Open kba opened 5 years ago
Thanks for diving in to add the fetch functionality @kba. I wonder if it might be a bit more readable to rename fetch_files_to_be_fetched()
to fetch()
and have it take an optional force
parameter that would re-download things that are already present?
Also, I haven't worked with fetch.txt files much before. But I'm kind of surprised that the test suite considers a bag valid if it has a fetch.txt containing an item that is not present in the payload directory.
See: https://github.com/LibraryOfCongress/bagit-python/blob/master/test.py#L1023
I wonder if it might be a bit more readable to rename fetch_files_to_be_fetched() to fetch()
Fine with me, I wanted to avoid confusion with fetch_entries
.
and have it take an optional force parameter that would re-download things that are already present?
Sure.
I'm kind of surprised that the test suite considers a bag valid if it has a fetch.txt containing an item that is not present in the payload directory.
These tests break the "Every file listed in the fetch file MUST be listed in every payload manifest" rule and it isn't validated. fetch_entries
should not just check for unsafe filenames but ensure files is also listed in payload_entries
. The validation only checks data on disk and manifest entries.

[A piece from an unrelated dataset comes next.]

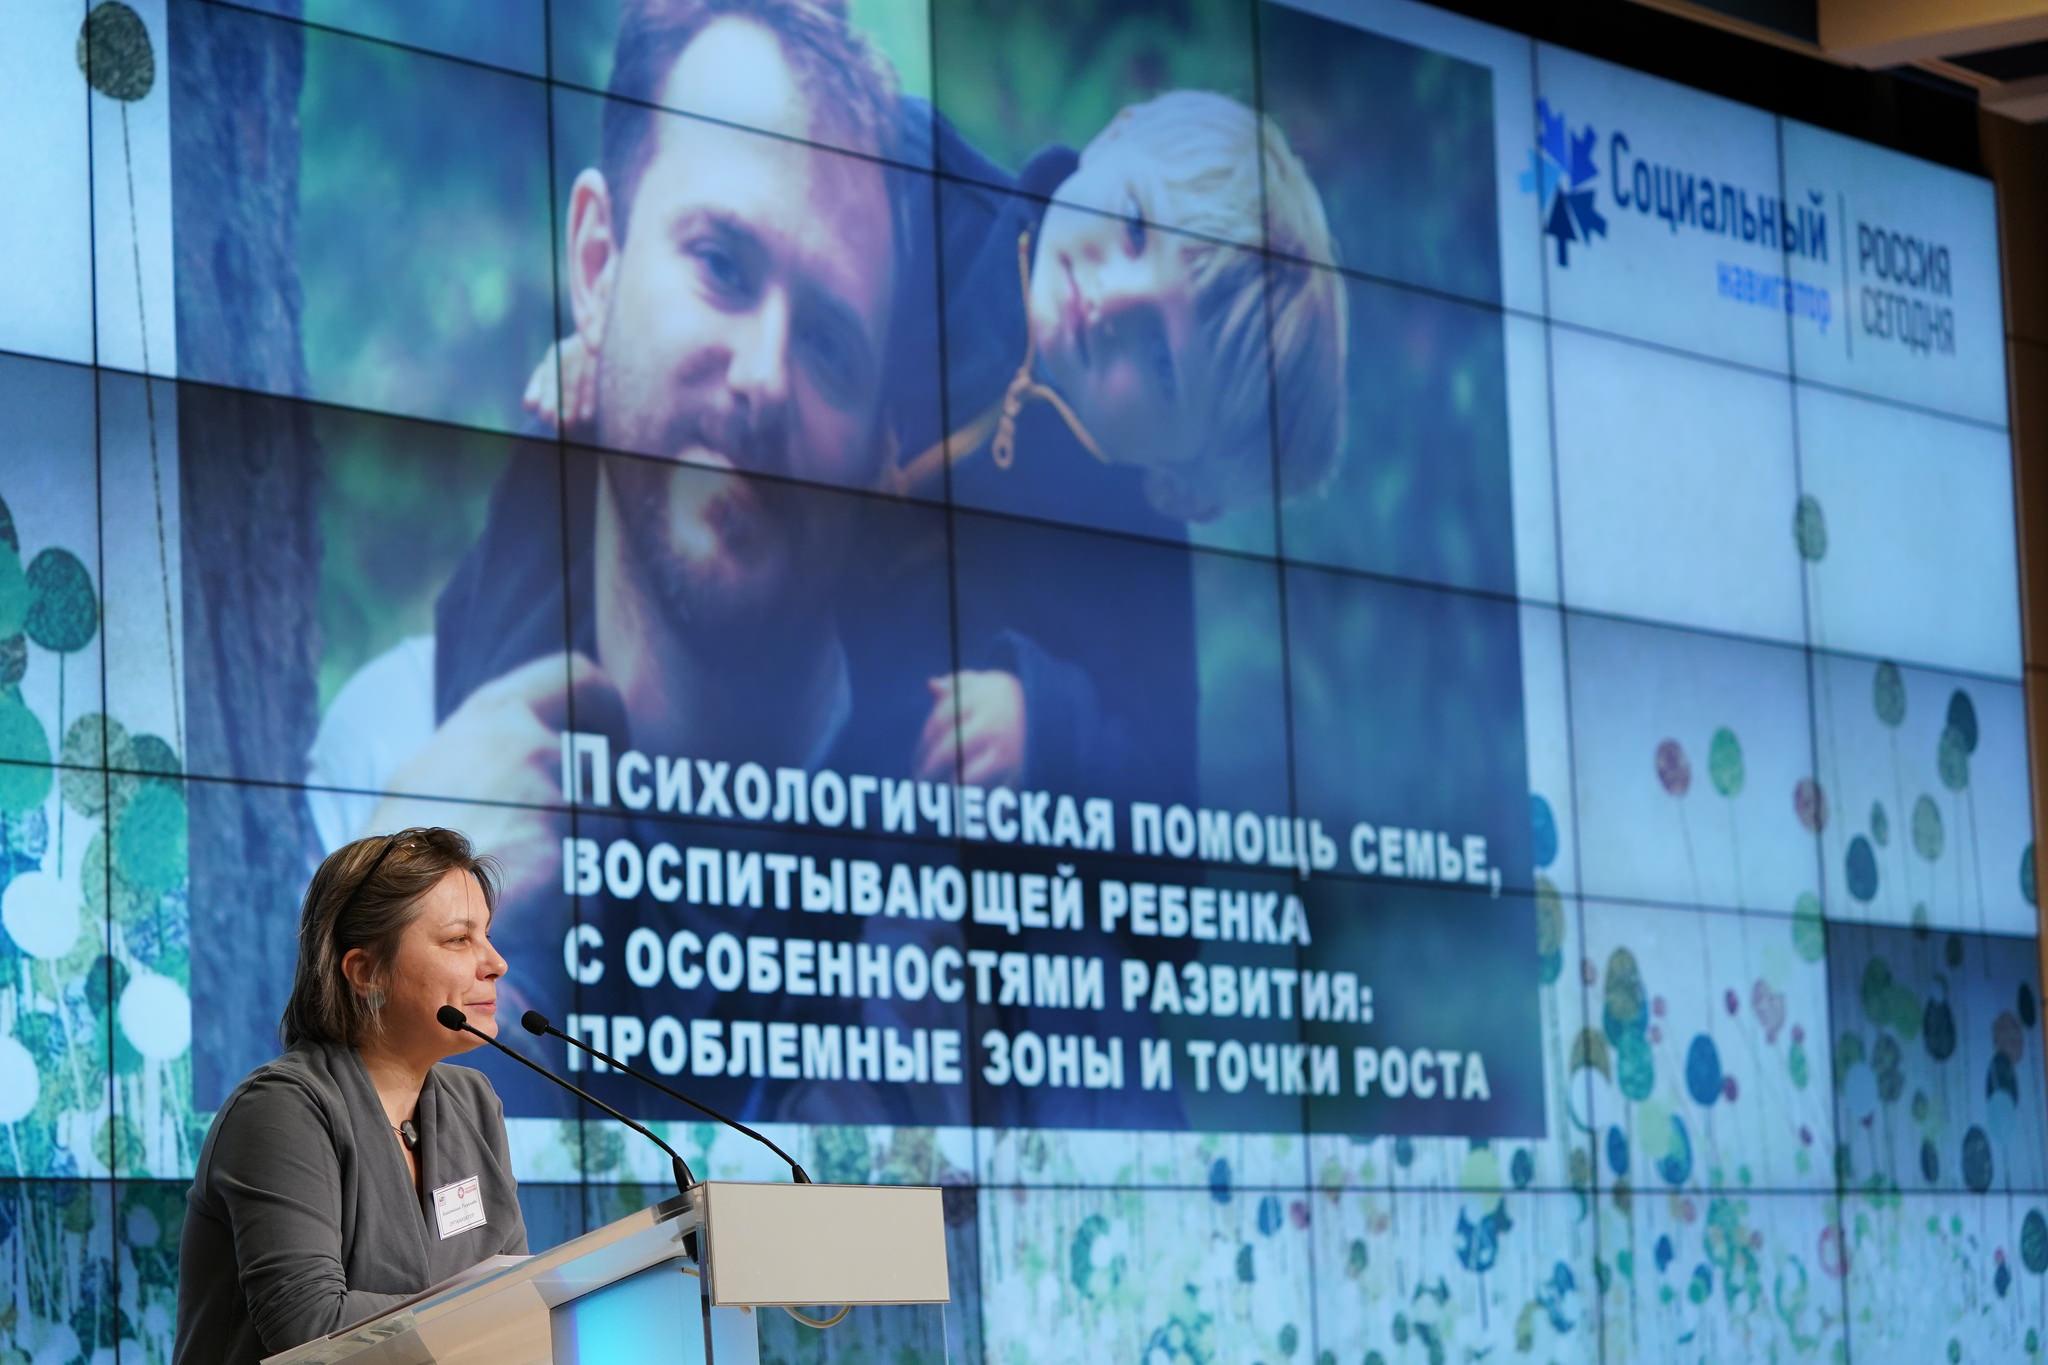 описание изображения Конференция «Психологическая помощь семье, а не только ребенку»

That is a bug.
Since the manifests determines the number and size of files, it could make sense to allow "bag with holes" validation against only the files not mentioned in fetch.txt with a special parameter though, if you don't want to fetch the whole thing. By default,
if it has a fetch.txt containing an item that is not present in the payload directory
should not be valid, you're right.
I guess we could consider validation as a separate issue from this PR though.
Adds a new method
Bag.fetch_files_to_be_fetched()
that fetches files listed infetch.txt
, c.f. #118.If this is useful for someone, can be further refined (CLI, overrideable fetch implementation, anti-hammering interval).